Increasing urban tree cover is an often proposed mitigation strategy against urban heat as trees are expected to cool cities through evapotranspiration and shade provision. However, trees also modify wind flow and urban aerodynamic roughness, which can potentially limit heat dissipation. Existing studies show a varying cooling potential of urban trees in different climates and times of the day. These differences are so far not systematically explained as partitioning the individual tree effects is challenging and impossible through observations alone. Here, we conduct numerical experiments removing and adding radiation, evapotranspiration, and aerodynamic roughness effects caused by urban trees using a mechanistic urban ecohydrological model. Simulations are presented for four cities in different climates (Phoenix, Singapore, Melbourne, Zurich) considering the seasonal and diurnal cycles of air and surface temperatures. Results show that evapotranspiration of well-watered trees alone can decrease local 2 m air temperature at maximum by 3.1– 5.8 °C in the four climates during summer. Further cooling is prevented by stomatal closure at peak temperatures as high vapour pressure deficits limit transpiration. While shading reduces surface temperatures, the interaction of a non-transpiring tree with radiation can increase 2 m air temperature by up to 1.6 – 2.1 °C in certain hours of the day at local scale, thus partially counteracting the evapotranspirative cooling effect.
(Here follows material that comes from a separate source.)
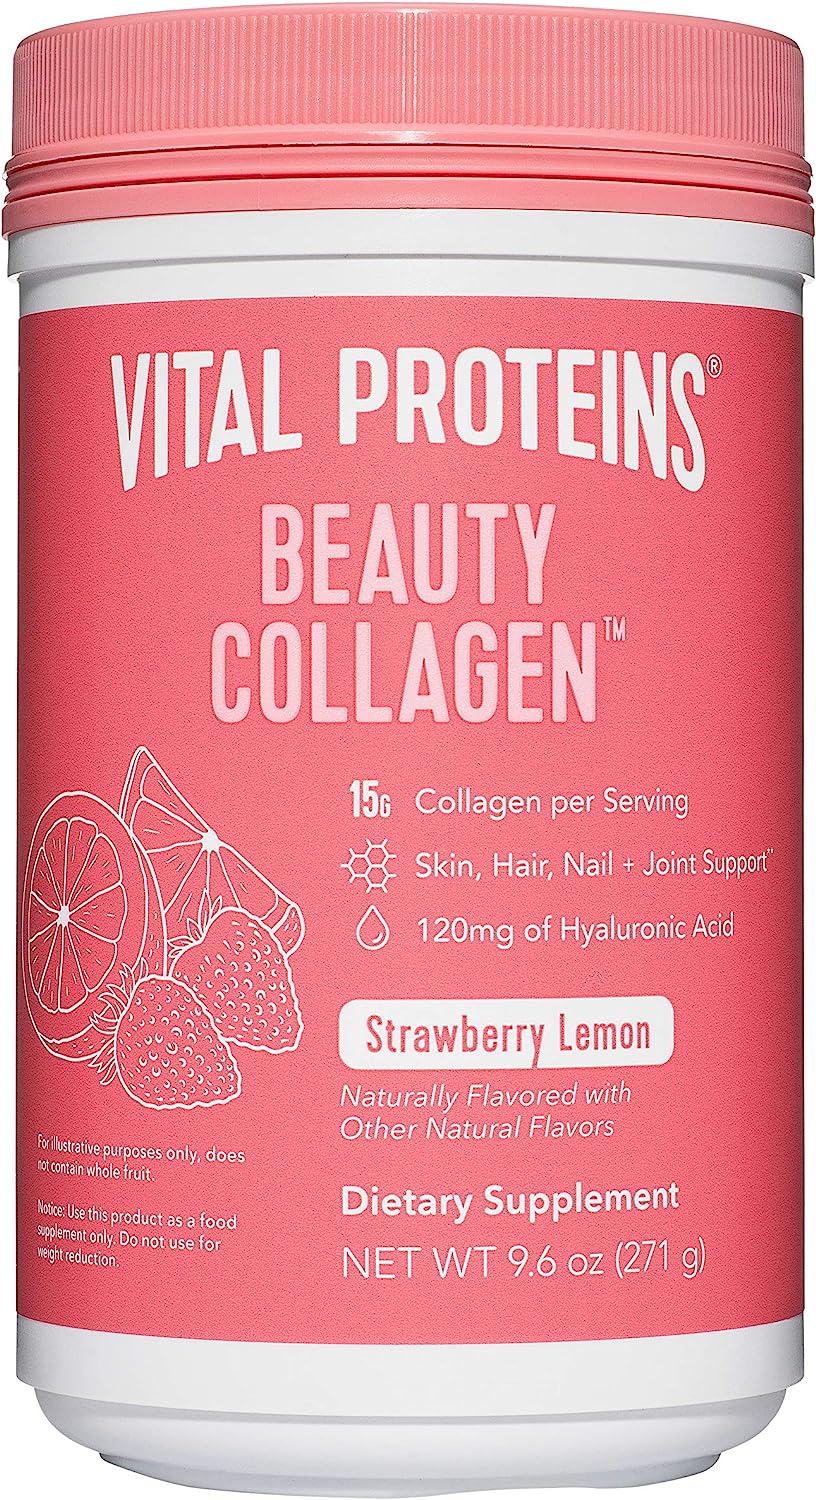 Vital Proteins, Beauty Collagen, Strawberry Lemon

Furthermore, in the analysed scenarios, which do not account for tree wind blockage effects, trees lead to a decrease in urban roughness, which inhibits turbulent energy exchange and increases air temperature during daytime. At night, single tree effects are variable likely due to differences in atmospheric stability within the urban canyon. These results explain reported diurnal, seasonal and climatic differences in the cooling effects of urban trees, and can guide future field campaigns, planning strategies, and species selection aimed at improving local microclimate using urban greenery.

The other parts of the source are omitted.